#### [Exercise]
Would you retype the whole listing exactly, leaving its pictures out?

#### [Data excerpt]

=-=-=

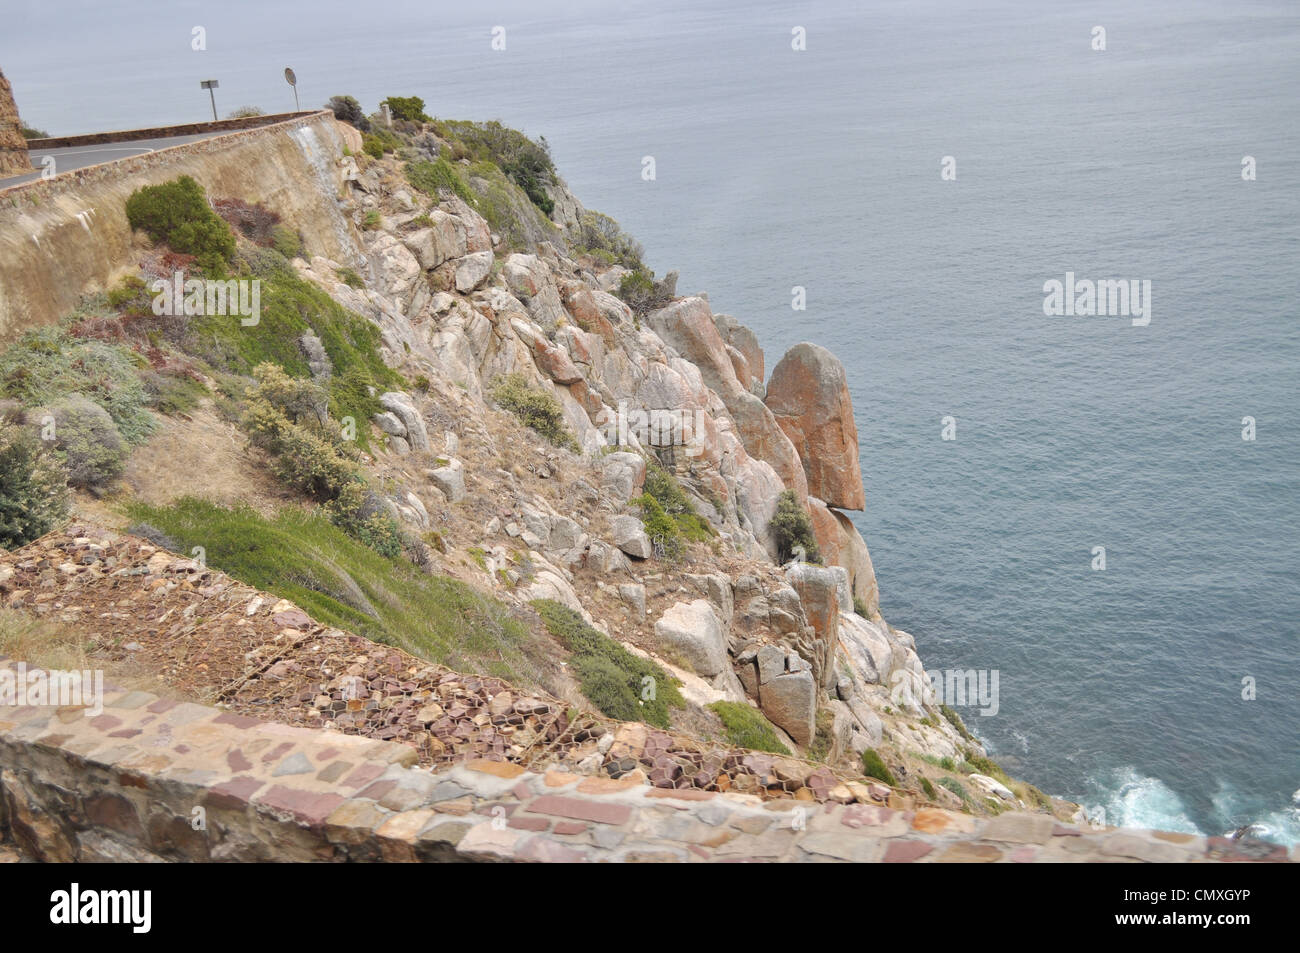 Boulders along capetown southafrica coasline Stock Photo
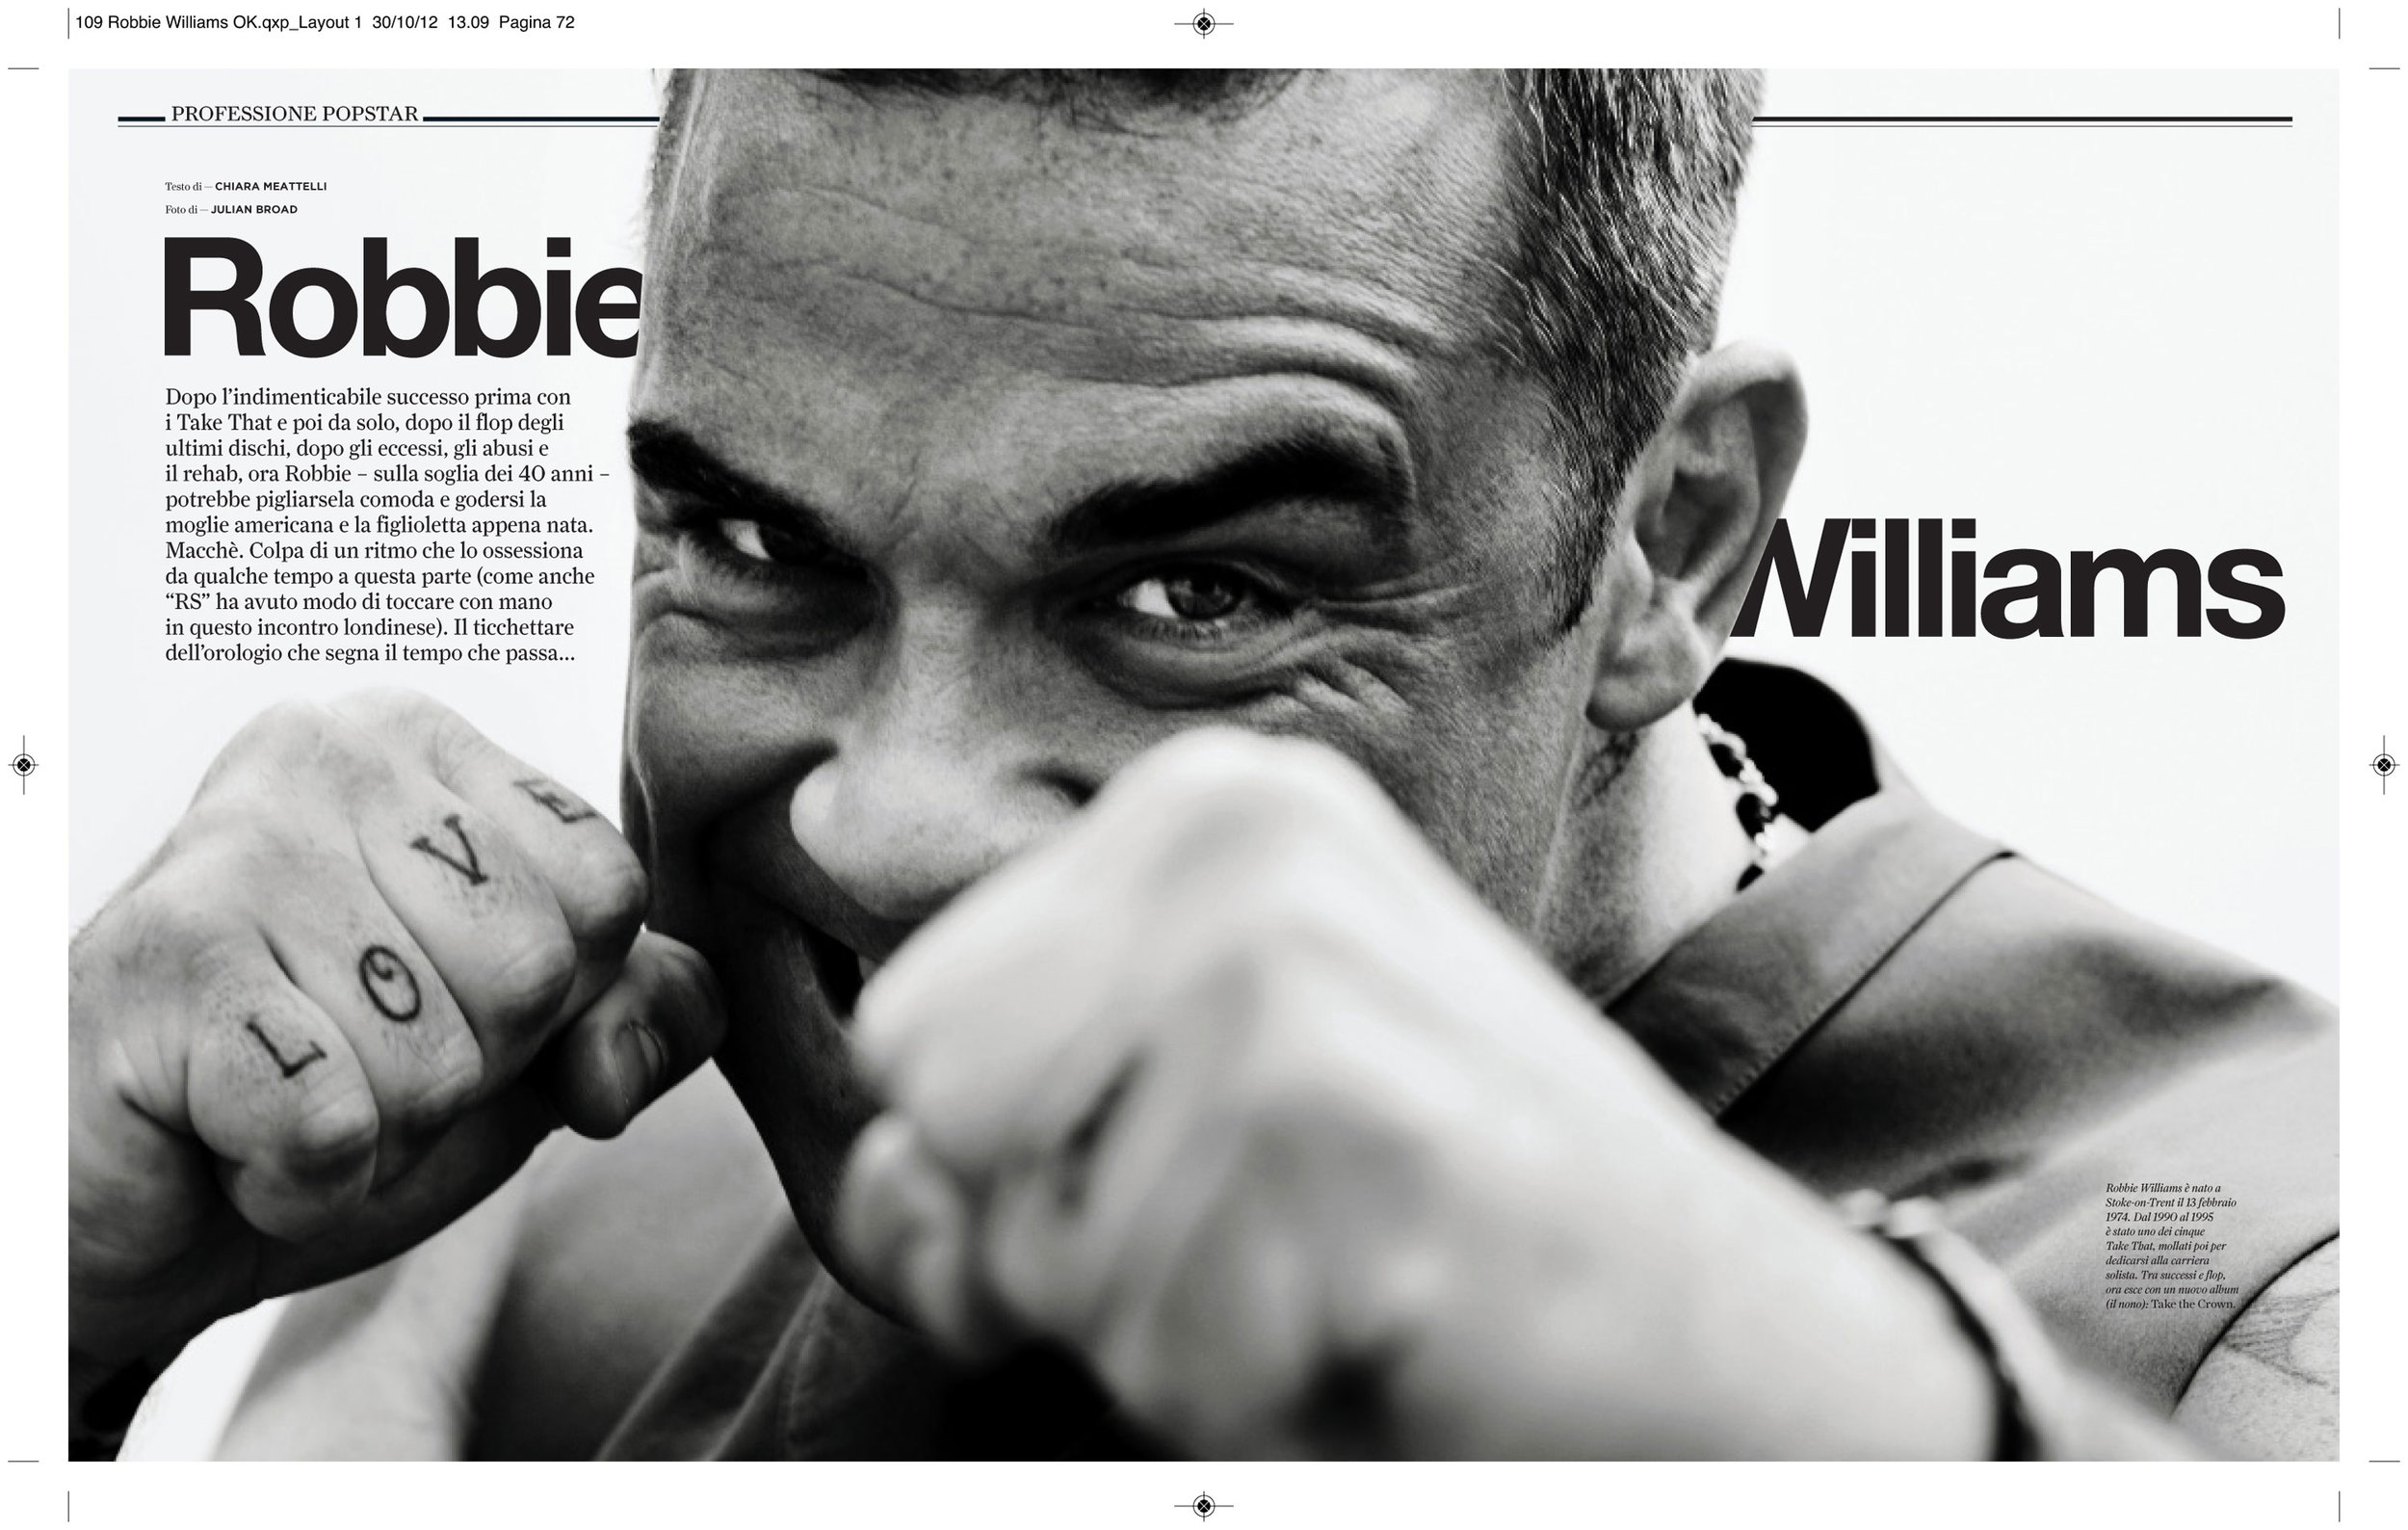 Rolling Stone magazine: Robbie Williams interview
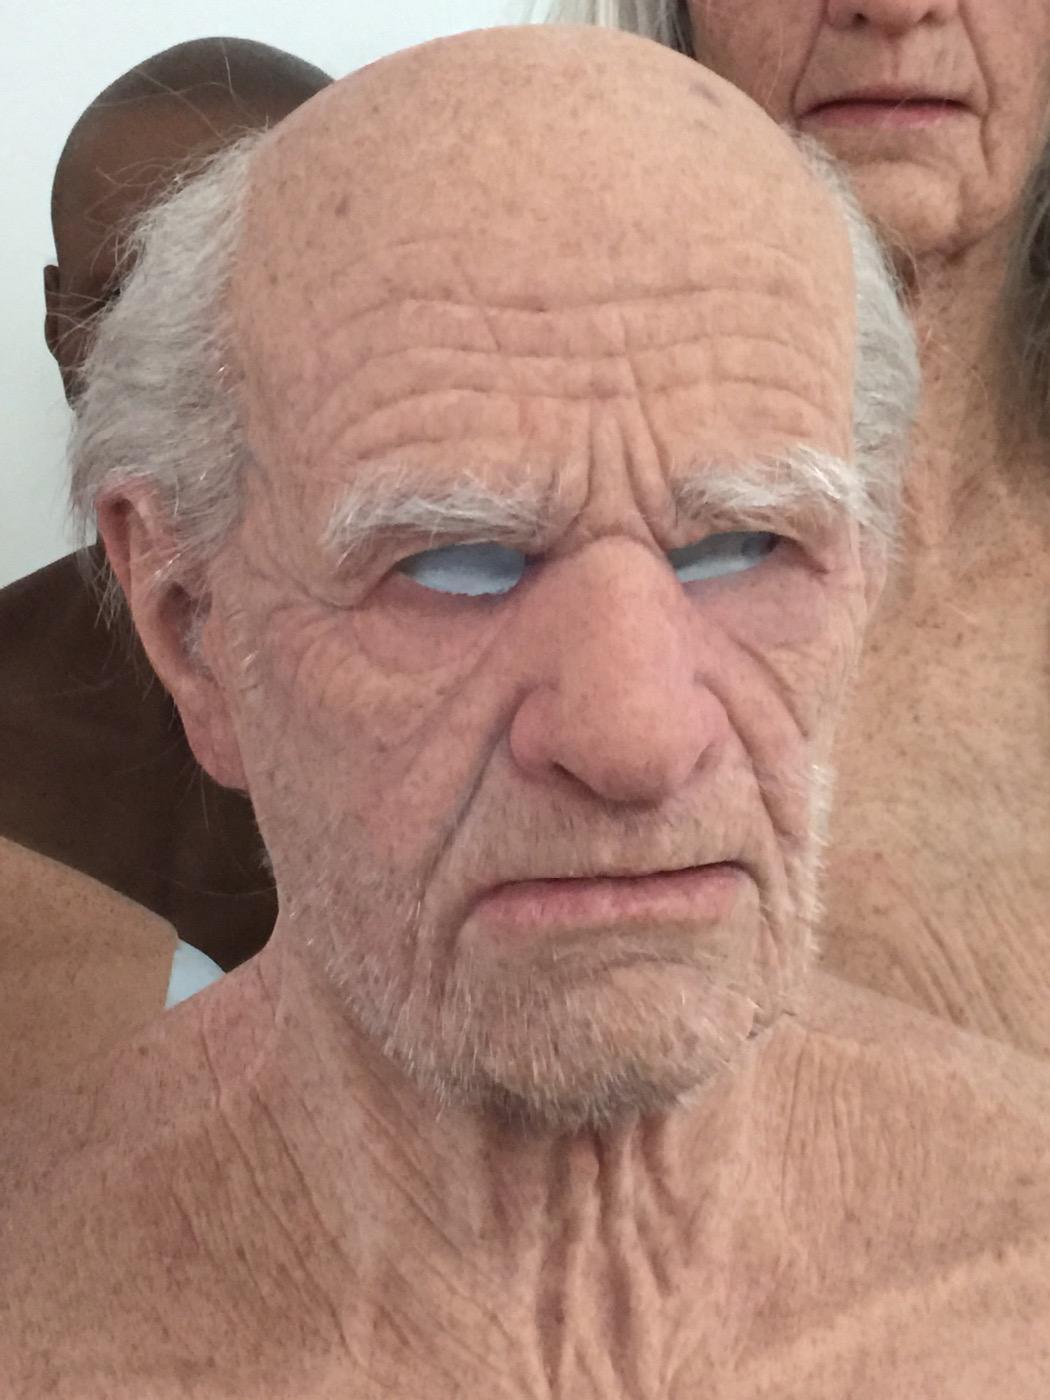 REALFLESH MASKS on Twitter: Realflesh Masks the sugar

=-=-=

#### [Output for this exercise]
 Boulders along capetown southafrica coasline Stock Photo
 Rolling Stone magazine: Robbie Williams interview
 REALFLESH MASKS on Twitter: Realflesh Masks the sugar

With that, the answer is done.